Katharina Jeske (47) ist die Chefin des Lokals und bei den Kunden äußerst beliebt, wobei sie bei ihrer Kundschaft immer wieder von „ihrer Familie“ spricht und traurig auf den Abschied von diesem Lichtenrader Standort schaut: „Hier habe ich viel erlebt, meine Kindheit verbracht und kann mich an viele schöne Familienfeiern erinnern.“ Im „Meet one“ wurden immer wieder beliebte öffentliche Partys zu den verschiedensten Anlässen gefeiert: Sylvester, Fasching und Halloween. „Aber wir hatten auch Techno-Partys,“ berichtet Katharina Jeske. An den Wochenenden trifft sich im „Meet one“ immer eine größere Anzahl Jugendlicher, die durch den Weggang einen wichtigen Treffpunkt in der Nachbarschaft verlieren. „Bei uns stimmt das Preis-Leistungs-Verhältnis,“ wie die Chefin ganz nebenbei bemerkt.

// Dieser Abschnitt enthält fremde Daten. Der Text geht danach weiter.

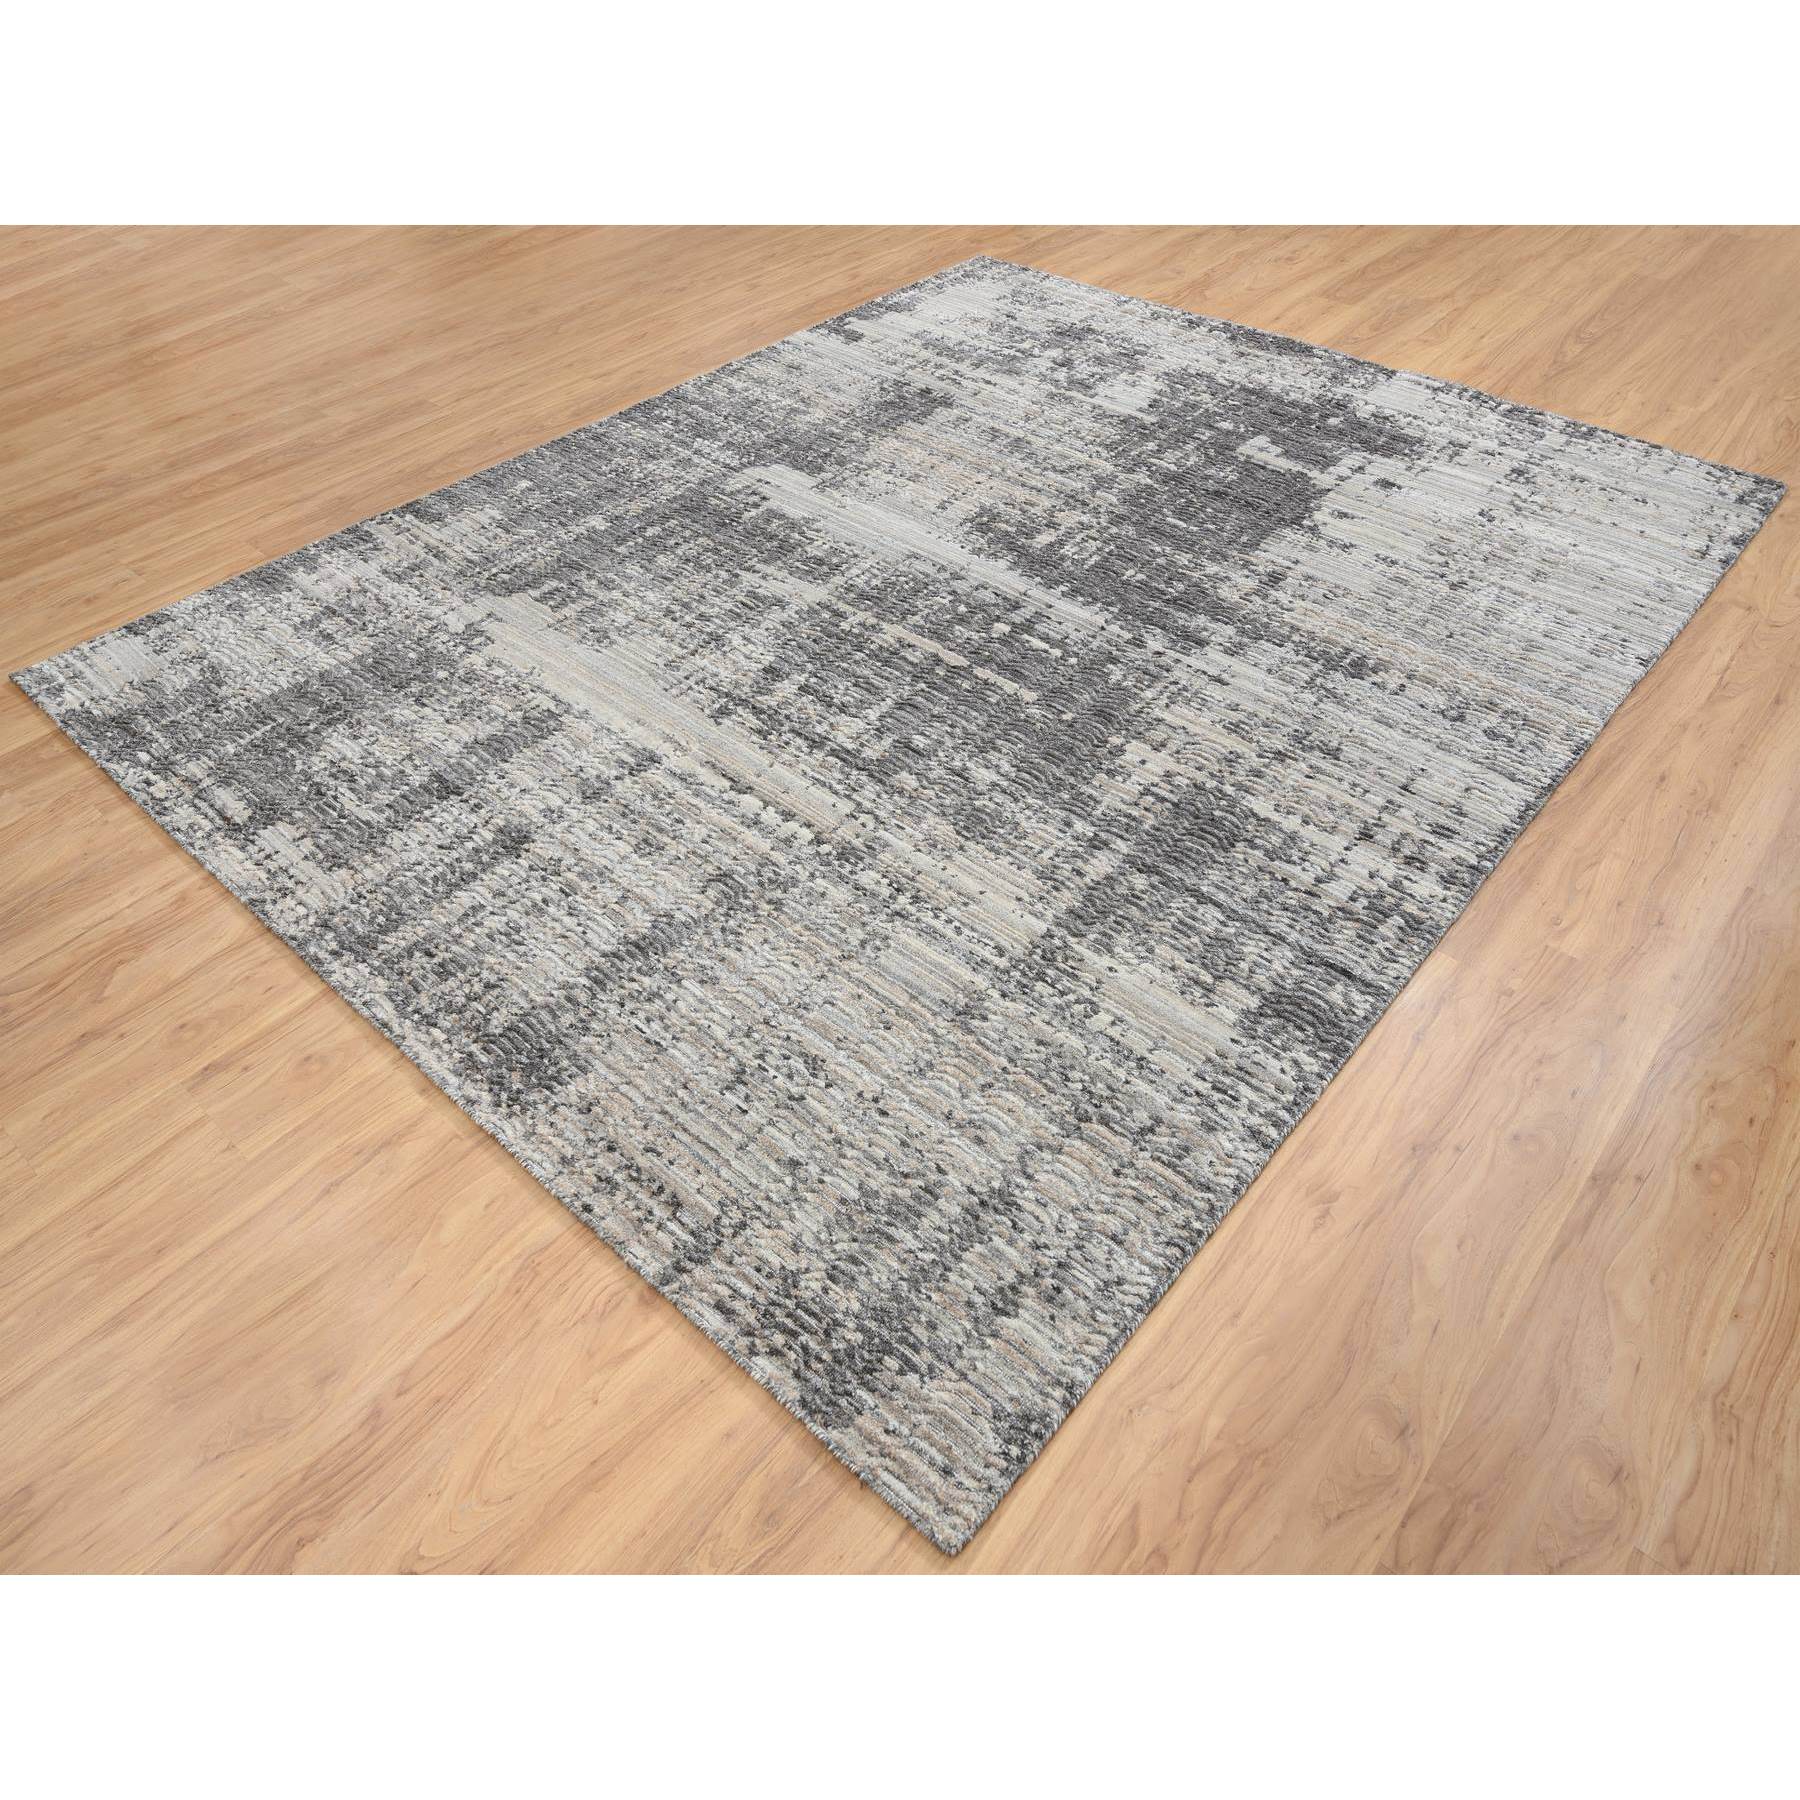 8'1"x10' Gray Variegated Texture Modern Abstract Design, Natural Wool, Hand Loomed Oriental Rug

Das „Meet one“ wird in Mariendorf weiterleben. Katharina Jeske schaut optimistisch, aber auch ein wenig mit Sorge auf den Neunanfang: „Wie bleiben bei unserem Konzept, freuen uns weiter auf unsere Stammkunden und wollen dann noch die Mariendorfer dazu gewinnen.“ Bei dem Abschied aus Lichtenrade klingt ebenfalls bei der Kundschaft immer wieder Wehmut durch. Stammgast Winne wird jedenfalls regelmäßig nach Mariendorf kommen: „Da fährt der Bus genau vor die Tür und es ist gar nicht viel weiter.“

Winne: „Mein zweites Zuhause!“

Der Lichtenrader Winne oder mit vollem Namen Winfried Zain (63) war schon Stammgast bei der Großmutter von Katharina Jeske. Auf die Kneipe ist er vor vielen Jahren durch Zufall gestoßen, weil er nach einer Nachtschicht morgens als Absacker noch ein Bierchen in aller Ruhe trinken wollte. Dann blieb Winne bis heute dem Lokal über Jahrzehnte treu: „Die Chefin ist für mich eine wunderbare Freundin geworden.“

Die Großmutter Ilse Lüdtke, die 2006 verstarb, hatte die Kneipe 1978 eröffnet und als „Treffpunkt 1“ geführt. Sie kam aus der Gastronomie und hat verschiedene Lokale gehabt. 2003 wollte sie aus Altersgründen die Kneipe aufgeben und hatte schon einen Nachmieter für ihren Laden. Für die Enkelin Katharina kam das gar nicht in Frage: „Das geht nicht. Ich mach das!“

Nach dem Wechsel gab es viel zu tun...

...das Ergebnis konnte sich sehen lassen.
Die Lichtenraderin hing an ihrer Heimat und an der Lokalität, die für sie ein wichtiges Stück Kindheit war: „Die ganze Familie war immer hier und ich bin hier groß geworden!“ Die Lichtenraderin Katharina Jeske ist in Lichtenrade groß geworden, hat hier die Grundschule und das Georg-Büchner-Gymnasium besucht.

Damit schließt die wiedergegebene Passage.